François Villeroy de Galhau, Governor of the Banque de France
Published on 27th of March 2026
Eurofi – 27 March 2026
Speech by François Villeroy de Galhau Governor of the Banque de France
Ladies and Gentlemen,
This Eurofi is especially meaningful to me, as it will be my last as Governor of the Banque de France; after 18 meetings in which I have had the privilege to participate, thanks to David Wright and Didier Cahen. I will therefore take this opportunity to express my gratitude to Eurofi and perhaps express myself even more freely today. Like all of you, I deeply regret not being able to meet in person in Cyprus. From Cyprus, birthplace of Zeno of Citium, the founder of Stoicism, comes a timely lesson: we need lucidity about what we cannot change, and determination regarding what we must change. The conflict in the Middle East, which I will not address directly this morning, is one reason more to act stronger and faster.
Let me be straightforward: we Europeans don’t have much time left to wake up. The question is not the “What?”: we Europeans already know what needs to be done (I). The real question is “How?”, and even more so “How fast”: why are we so slow in delivering? Can we reconcile Europe with speed? (II).
I. We Europeans know what needs to be done
1. A shared diagnosis: the Draghi-Letta consensus
Over the last 25 years, GDP per capita has increased by a cumulative 31% in the euro area, lower than the 47% in the United States. The main cause is our “Schumpeterian” innovation gap.i Yet Europe does not lack savings: the euro area household saving ratio stands at more than 15% of gross disposable income, against 11% in the United States.

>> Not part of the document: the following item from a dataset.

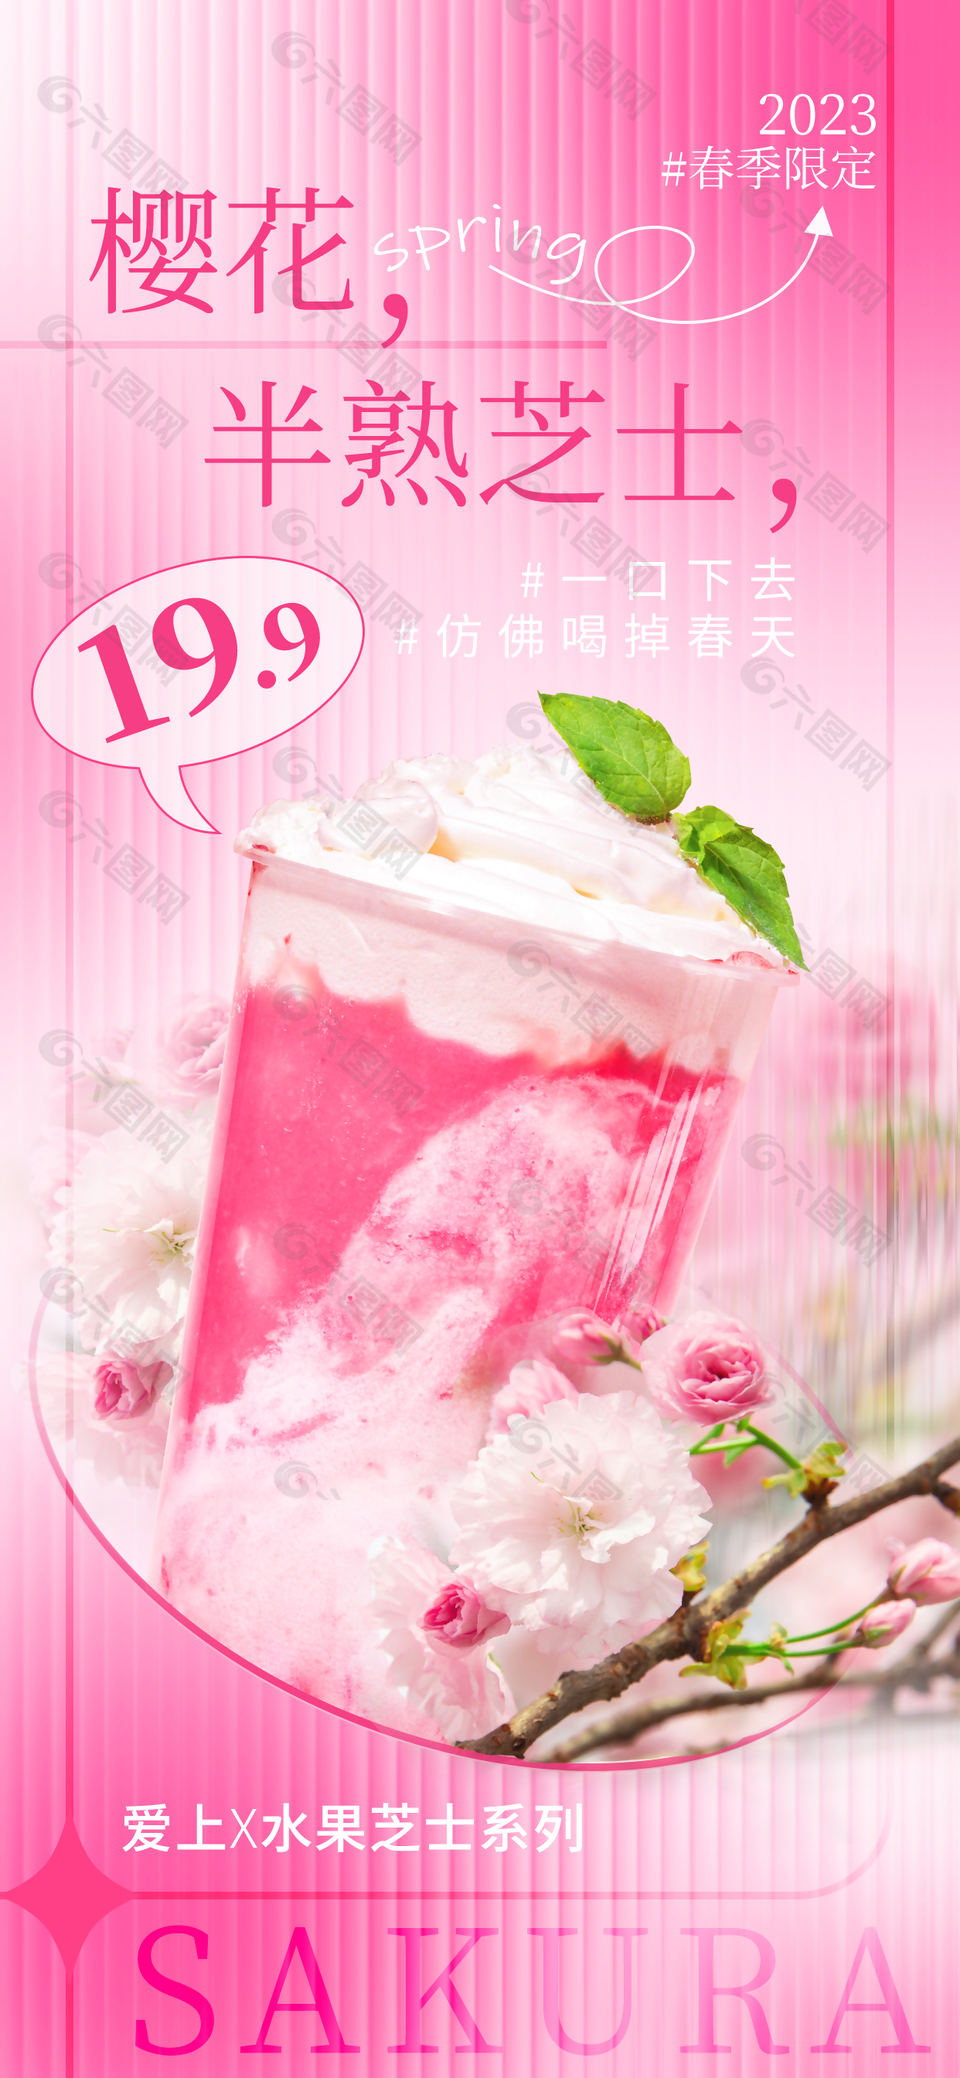 樱花芝士奶茶创意推广海报模板

But it lacks equity capital, which is essential to finance breakthrough innovation and risk-taking. Equity financing of non-financial corporations amounts to only 85% of GDP in the euro area, compared with 220% in the United States. The diagnosis is all too well-known to European companies and investors: while they identify market fragmentation (32% of respondents in the annual European Investment Fund Equity Surveyii) and access to capital (21%) as the key obstacle to scaling up EU firms, only 3% point to a lack of talent.
Furthermore, while total investmentiii (as a share of GDP) in the euro area is almost the same as in the US, productive investment – without construction – is much lower (10.5% of GDP in the euro area compared with 14.3% in the US) and still more so in innovative investment.iv
And let me sum up the cumulated 548 pages of the Lettav and Draghivi reports with three imperatives, three i’s we all agree upon. First, integrate more the single market, notably with the creation of an optional 28th regime by 2028.vii Second, invest better: this is the Savings and Investments Union.viii Third, innovate faster, and, for that, dare and simplify.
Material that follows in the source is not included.